Я успеваю пискнуть «хорошо», перед тем как он отключается. Что ж, генеральную уборку, очевидно, придется отложить еще на неделю, а глажка белья целиком ляжет на Василину. Скоро мне будет впору перед ней извиняться. И нужно не забыть позвонить Римме Радиковне – справиться, как у нее дела.

По инерции вновь ощупав волосы, гашу монитор и подхватываю ежедневник. За две недели отсутствия начальницы я привыкла иметь тета-тет с генеральным и постепенно перестала переживать, что в некоторых вопросах мне не достает опыта и компетенции. Просто приходится задерживаться, чтобы дважды перепроверить все как следует, что по большому счету не так уж и катастрофично. За неимением женских амбиций, все мое честолюбие сконцентрировано на работе.

На всякий случай постучавшись, я вхожу в зал совещаний и моментально каменею при виде трех пар глаз, устремившихся на меня. В левой половине груди гулко барабанит, тело окатывают волны озноба. И отнюдь не потому, что я попала под прицелы взглядов Глеба Алексеевича и Дивеева, хотя и это чрезмерная нагрузка на нервы… Я не могу пошевелиться, потому что рядом с ними сидит Дан. То есть, Громов.

– Здравствуйте, – роняю я и зачем-то склоняю голову на манер верховой лошадки. Прижав к груди ежедневник, пробираюсь на свободное место и, неуклюже приземлившись на стул, издаю смущенный смешок: – У нас сегодня трое на одного, да?

Бо-оже. Ну какого, как Василина говорит, хрена?

«Трое на одного, да?» Когда у нас стало принято шутить в присутствии руководства?

Генеральный и его заместитель оставляют мою шутку без комментариев, а вот Дана она, похоже, повеселила. Склонив голову вбок, он открыто демонстрирует улыбку. Выходит, он не соврал, что у него появились дела с Глебом Алексеевичем. И судя по стопке бумаг, лежащих перед ним, он действительно пришел сюда с договором.

Опустив глаза, я делаю вид, что занята поиском нужной страницы ежедневника, для того чтобы иметь возможность хотя бы чуточку прийти в себя, а когда вновь поднимаю голову, то вижу, что Дан все еще смотрит на меня. Обведя взглядом мои волосы, он выразительно поднимает брови. Я не сильна в невербальной этике, но тут понимаю: он говорит, что заметил, и ему нравится.

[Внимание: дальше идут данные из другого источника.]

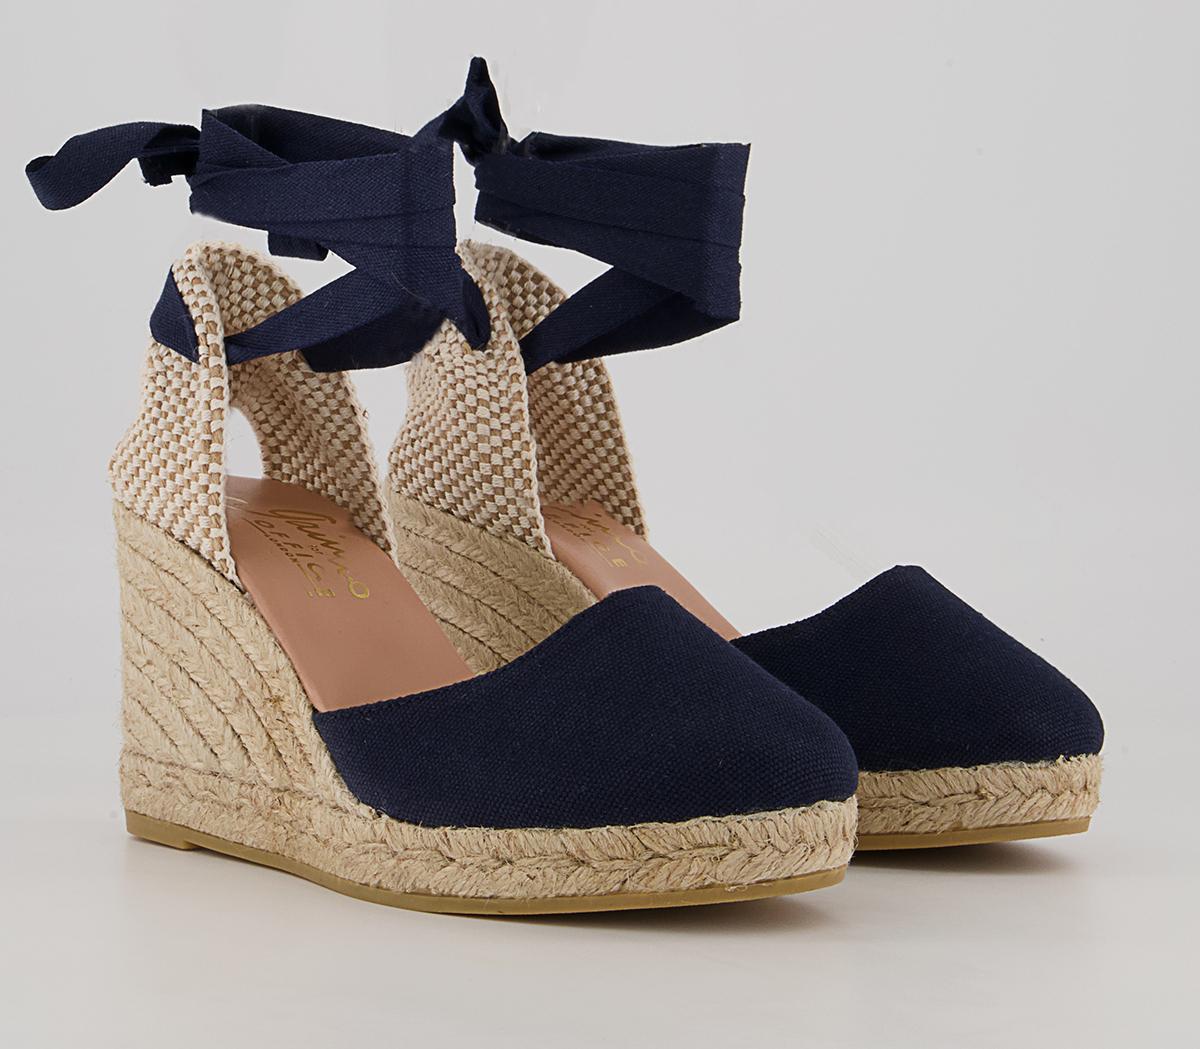 Gaimo for OFFICE Ankle Tie Espadrille Wedges Navy Canvas - Mid Heels

А вот и новый инсайт. Недостаточно просто покрасить волосы и выдержать вопросы коллег. Нужно еще научиться не краснеть, как клубника на грядке, когда тебе пытаются делать комплименты.

Мое смущение Дана, кажется, забавляет, потому что он и не думает отводить взгляд. Краснеть сильнее просто некуда, поэтому я с укором смотрю на него в ответ. «Хватит уже», – беззвучно говорю ему, расширив глаза, и, не сдержавшись, выпускаю наружу краешек улыбки. На красивых людей, которые умеют улыбаться так, что дух захватывает, злиться невозможно.

– Знакомьтесь, если еще не знакомы, – подает голос генеральный. – Громов Дан Андреевич, мой давний знакомый и будущий партнер. Татьяна Викторовна, заместитель главного юриста. Пока Римма Радиковна на больничном, договором будет заниматься она.

Хорошо, что рукава рубашки длинные и никому не заметны мурашки, выступившие на моих руках от этих слов. Сердце ни на секунду не получает успокоения. Во мне кипят волнение и азарт. Работа над партнерским договором – это большая ответственность и огромный шаг вперед. Страшно, но ведь когда-то нужно начинать?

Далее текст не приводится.